Work required:
From the line containing "ClevaMama Cleva Foam Toddler Pillow" through the end of the material below, output each line exactly as written, with pictures excluded.

*** Provided material ***

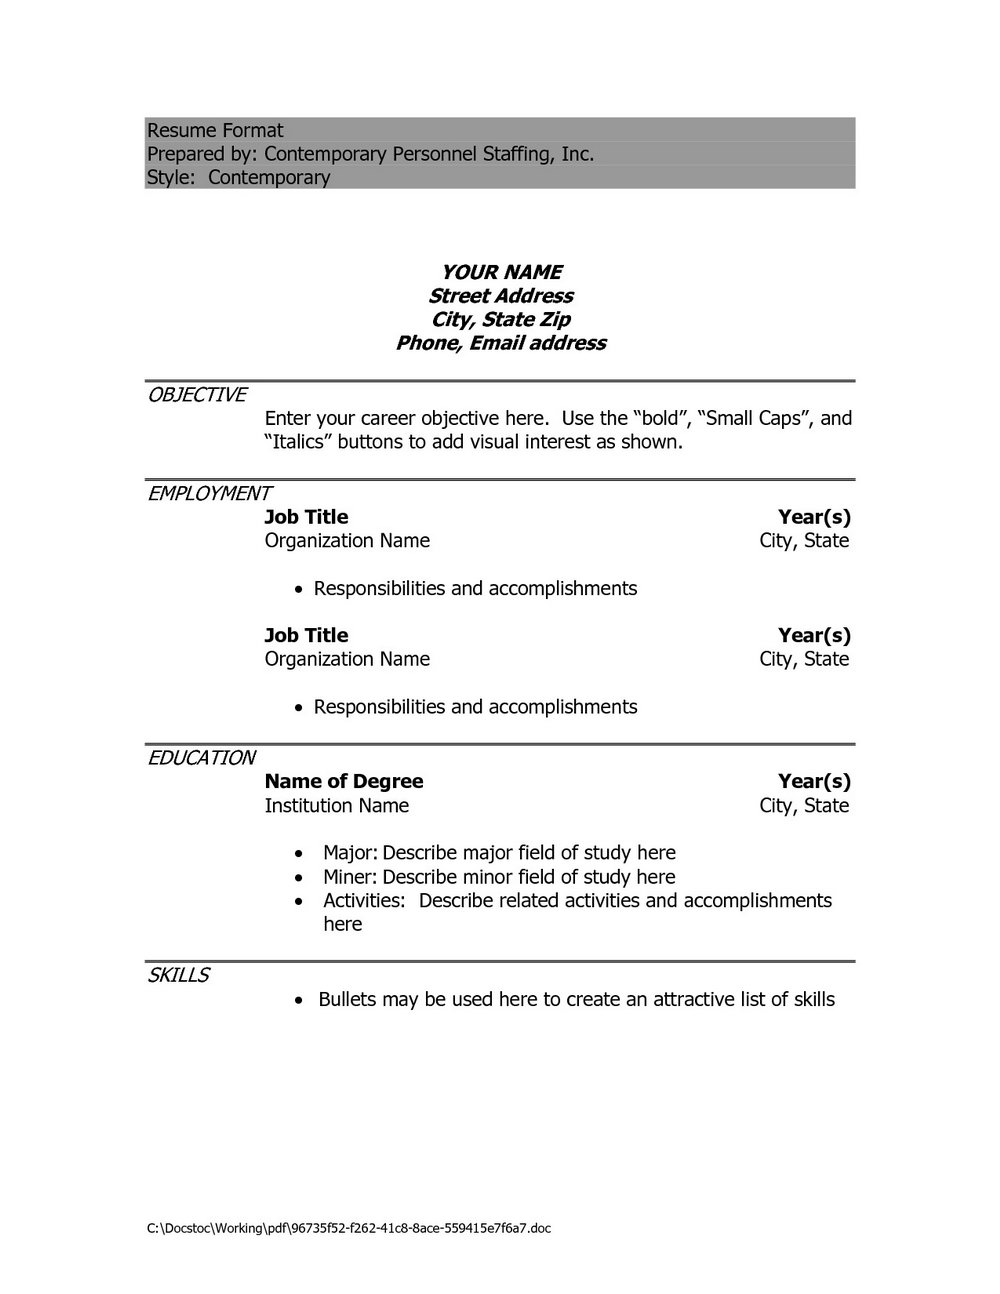 Resume Format Download Pdf Editor
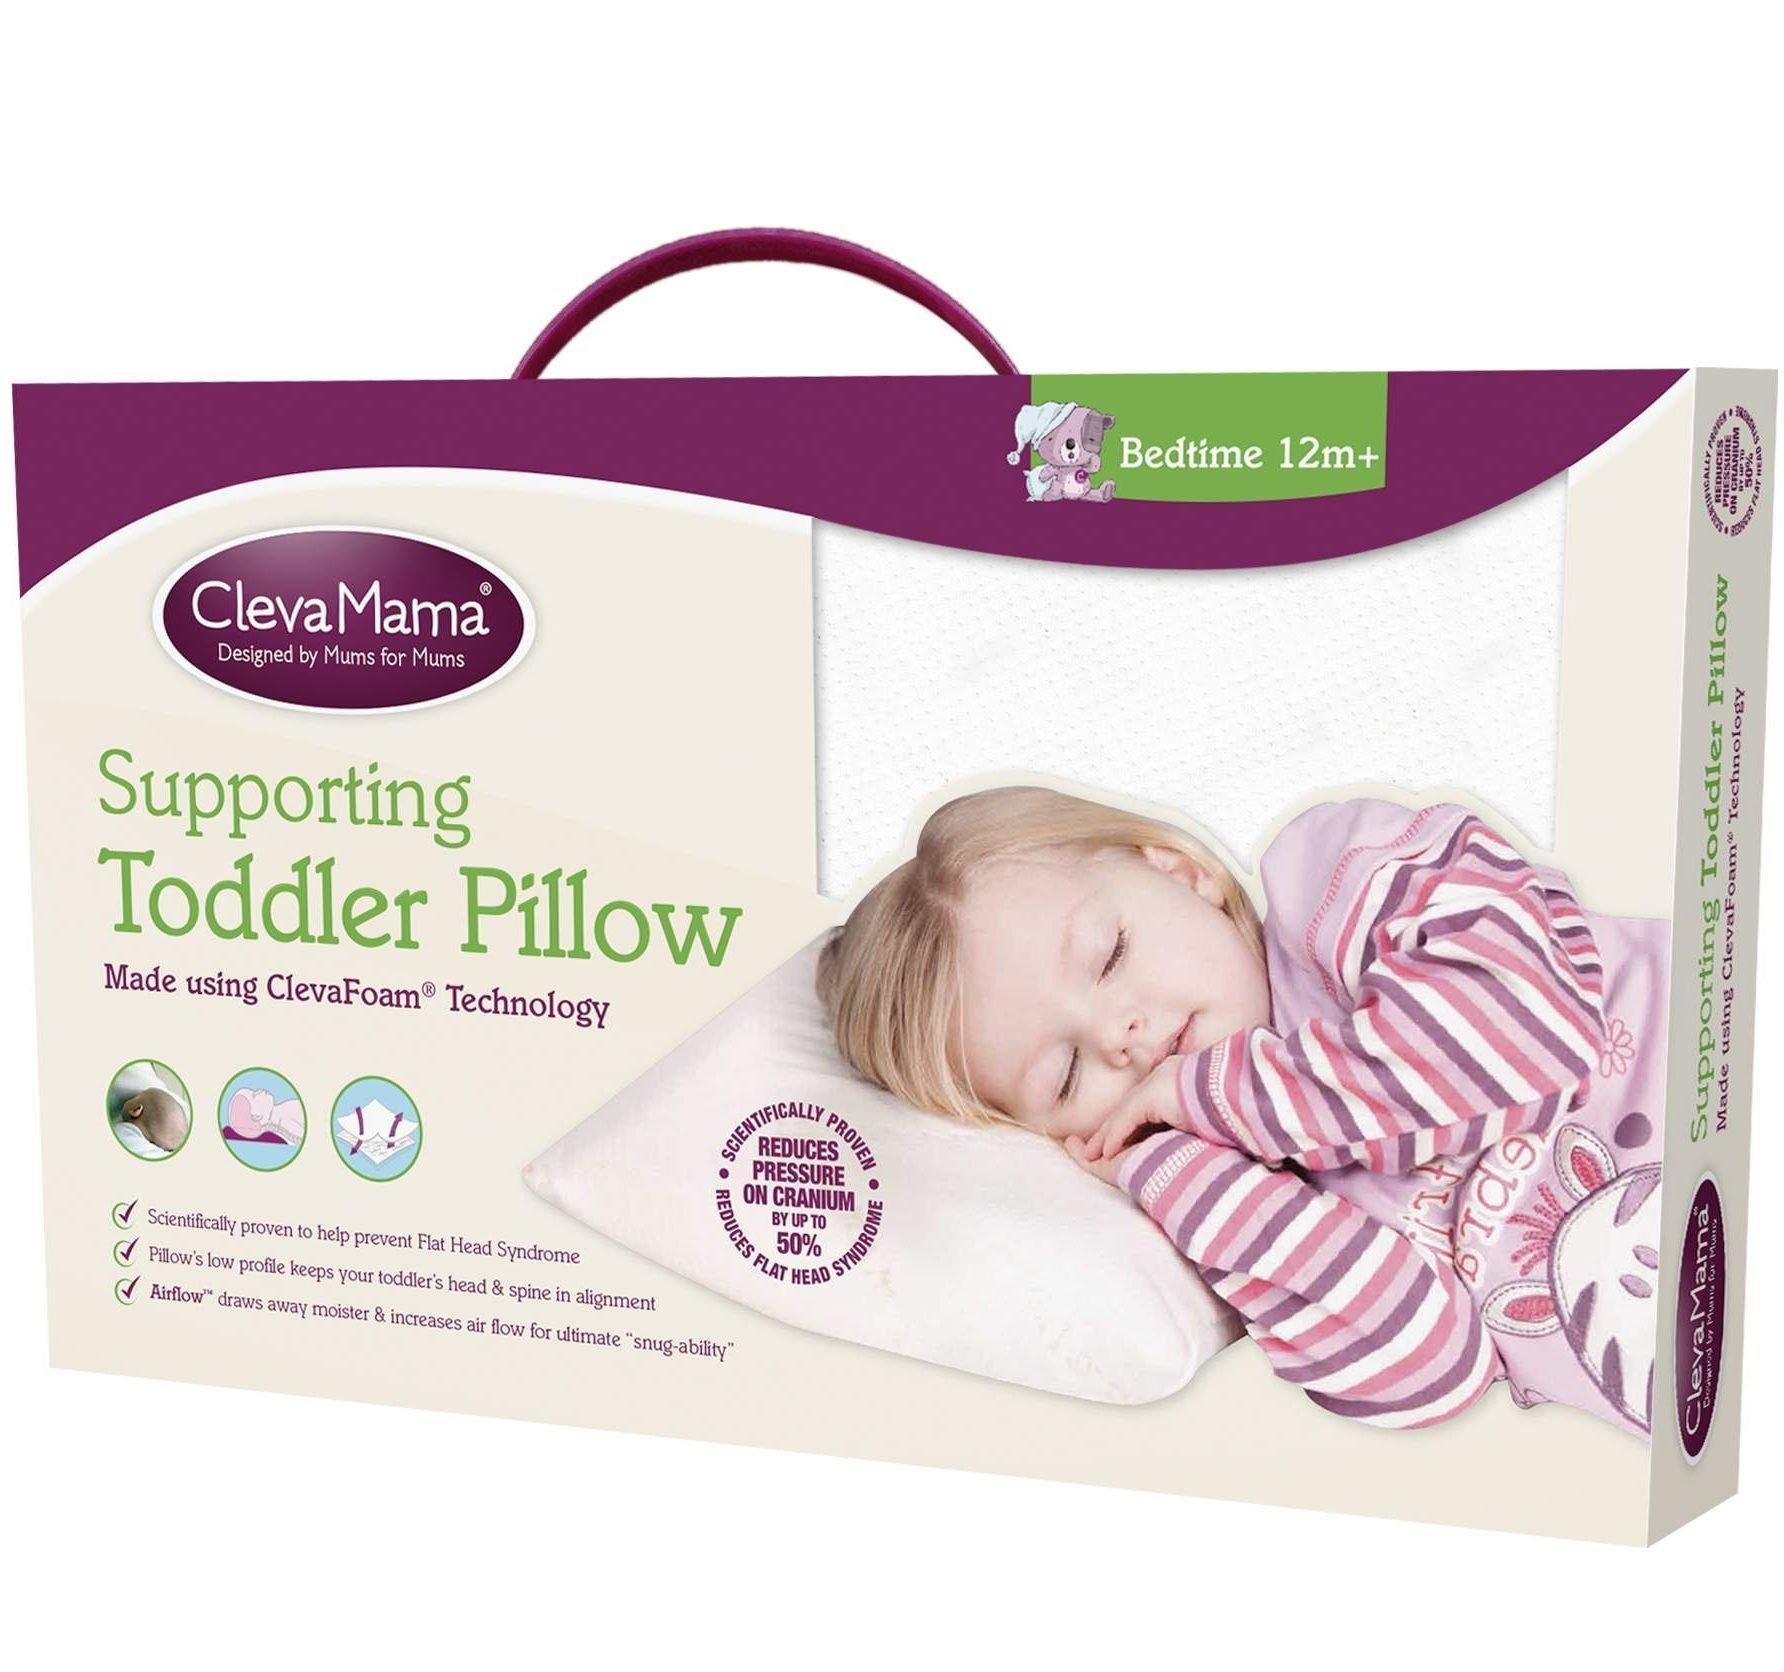 ClevaMama Cleva Foam Toddler Pillow
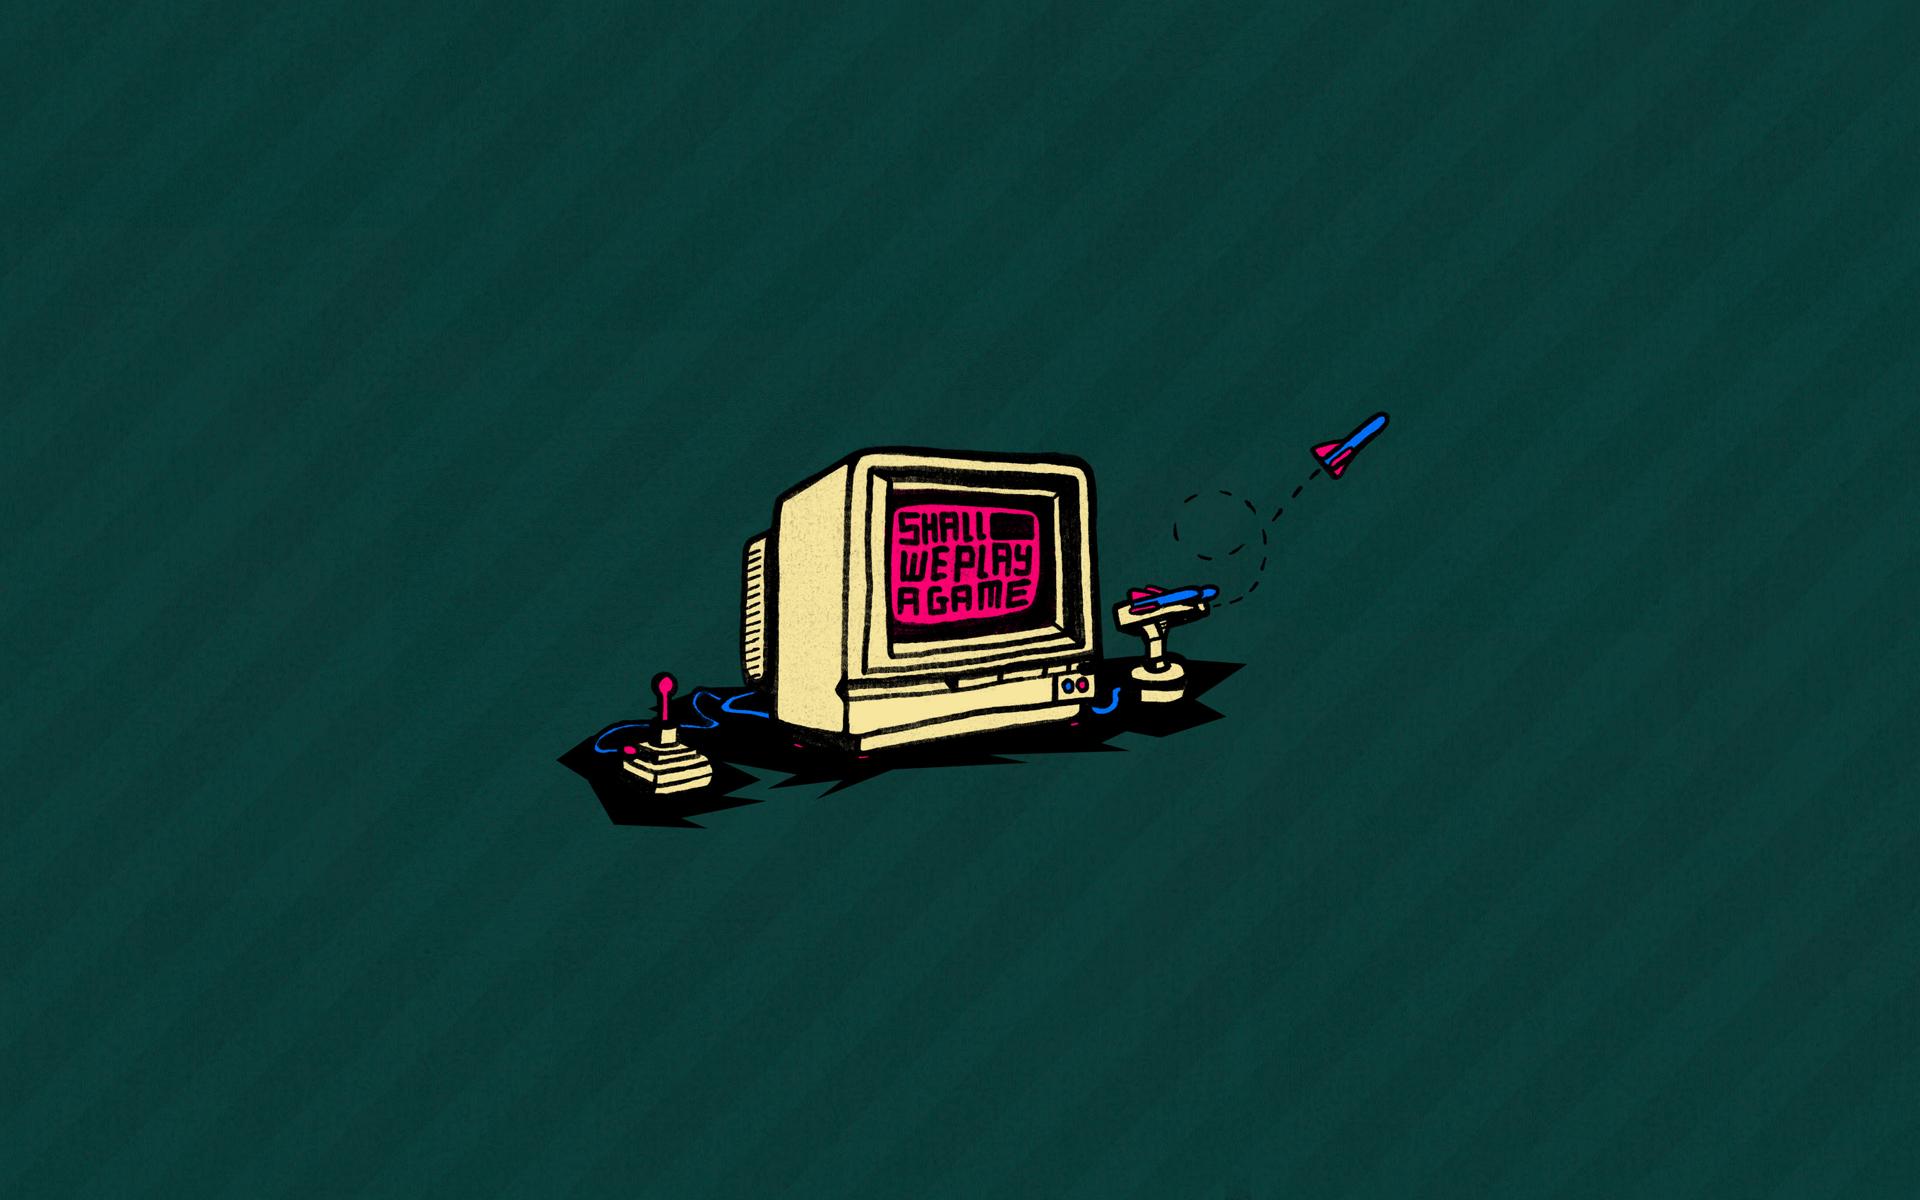 Retro Computer Gaming Wallpaper 64256 1920x1200px 1920x1200

*** End of Provided material ***

Problem solution:
 ClevaMama Cleva Foam Toddler Pillow
 Retro Computer Gaming Wallpaper 64256 1920x1200px 1920x1200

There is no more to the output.